The event is far from unplanned.
Hank Lazer, associate provost of academic affairs and executive director of Creative Campus, said plans to bring Gaiman to campus have been in the works for three years, beginning with a coffee break he took with then-UA creative writing professor Kate Bernheimer.
“We just found in the course of the conversation that we were both Neil Gaiman fans,” Lazer said. “I believe in the University doing its best to really produce ambitious programs, and as we talked about it, I said, ‘Why don’t we try to bring him to Alabama?’ Kate, through her editing of Fairy Tale Review and her writing of that genre, had a kind of passing acquaintance with Neil Gaiman. She felt like she had enough of a connection for us to pursue that.”
Bernheimer, who in the spring teaches graduate students at the University of Louisiana in Lafayette, said in an email that, while she did not know Gaiman personally, she worked with him in an editorial capacity and sent the initial invitation.

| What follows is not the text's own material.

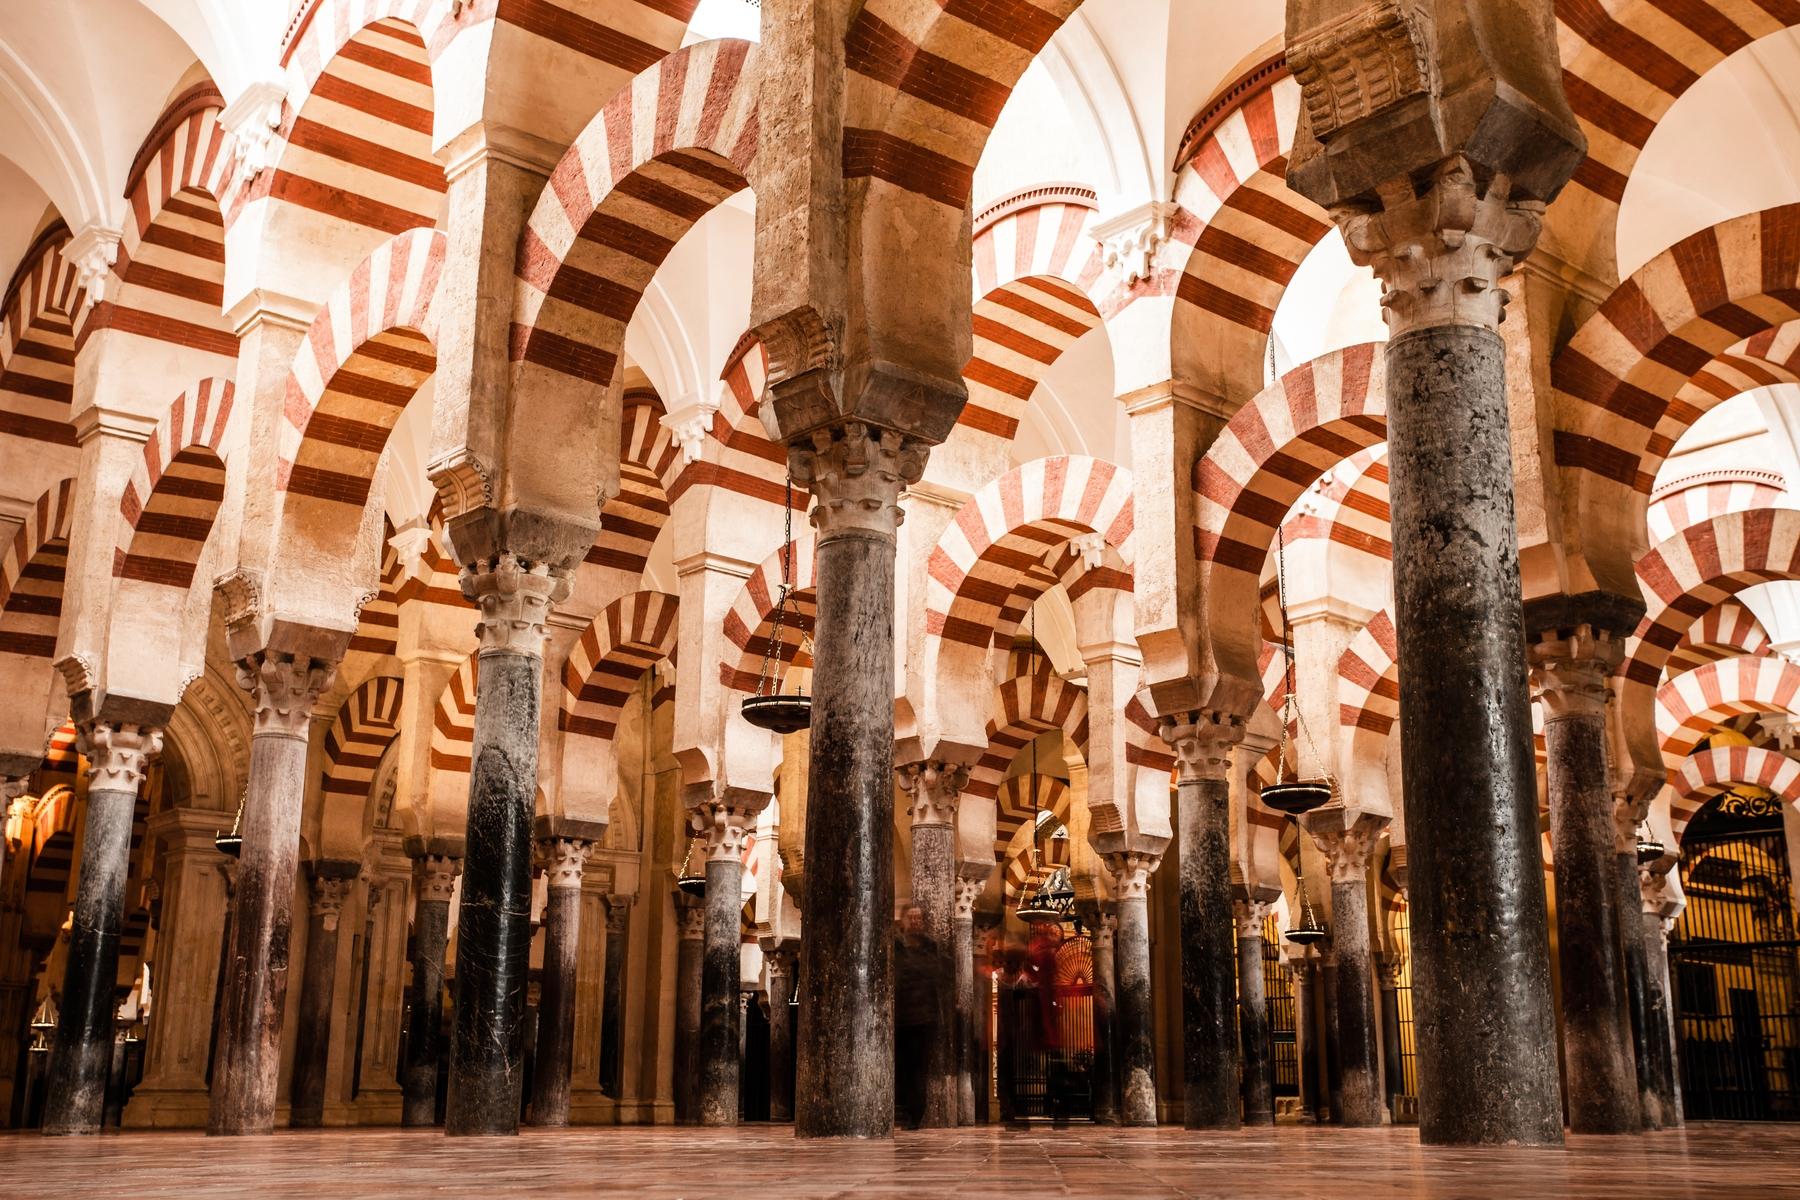 La Mezquita-Catedral, el imprescindible que ver en Córdoba

She will introduce Gaiman at the event.
“He had been kind enough to contribute a lovely essay to my 2007 anthology ‘Brothers and Beasts: An Anthology of Men on Fairy Tales’ in which he discussed the fairy-tale lineage of some of his original poems,” Bernheimer said. “It will be an honor to introduce Neil Gaiman to so many friends and colleagues.”
Bernheimer said attendees could expect to leave the Bama Theatre seeing things in a “darker, stranger and more sparkling light.”

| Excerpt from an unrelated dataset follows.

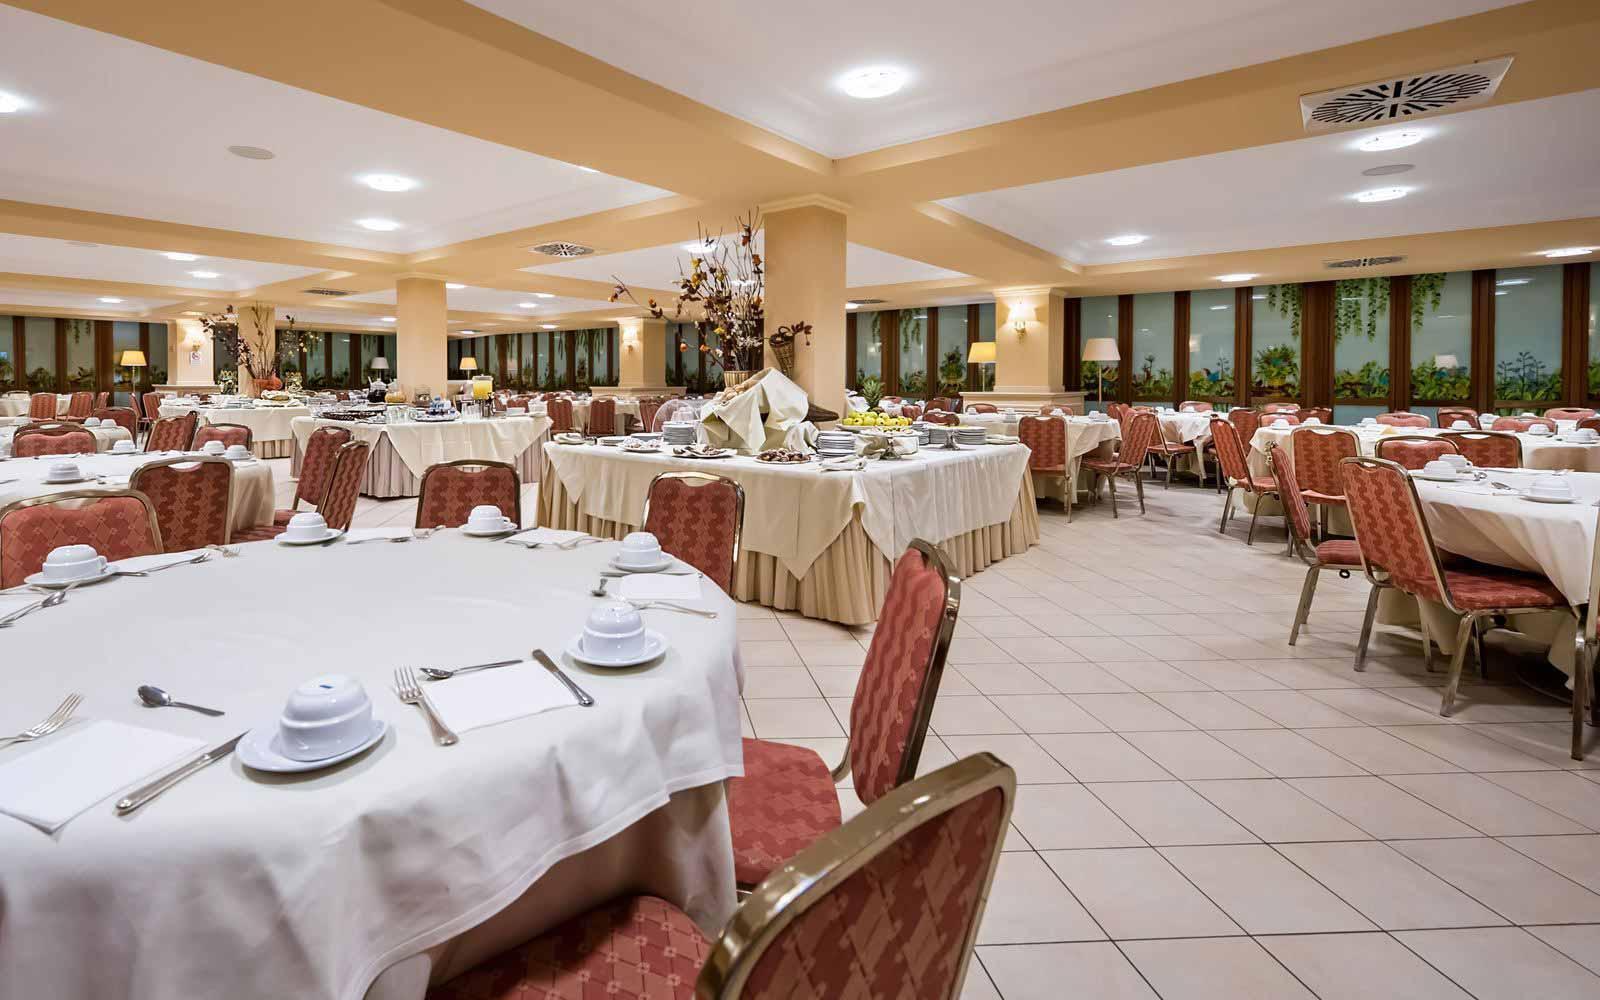 Restaurant at Dioscuri Bay Palace

“He has an enchanting voice – a real storyteller’s gift, hewn from the oral tradition but stylized for the future,” Bernheimer said. “Neil Gaiman is not afraid to write about the darker motifs in human narrative.”
Lazer said reading Gaiman’s work wiped his own prejudices away, especially the first time he read “The Sandman” series at the suggestion of one of his students.
“His expertise really is in two areas that I’m not typically that interested in: myth and dream,” Lazer said. “And he just absolutely sweeps me along over my typical objections for that being the artwork. It’s amazing how quickly the whole eleven volumes will go by because he’s got you so hooked.”
Lazer said Gustave Hahn-Powell, who was a student at the time, recommended Gaiman to him. Hahn-Powell is currently in the Teachers of English to Speakers of Other Languages program, or TESOL program, working toward a master’s in applied linguistics. Hahn-Powell said he liked Gaiman’s ability to weave together different myths.
“He’ll take something like H.P. Lovecraft and merge it with Sir Arthur Conan Doyle,” Hahn-Powell said. “He’s just been so successful at being strange, at appealing to a large range of people. He is like a superstar or rockstar of weird.”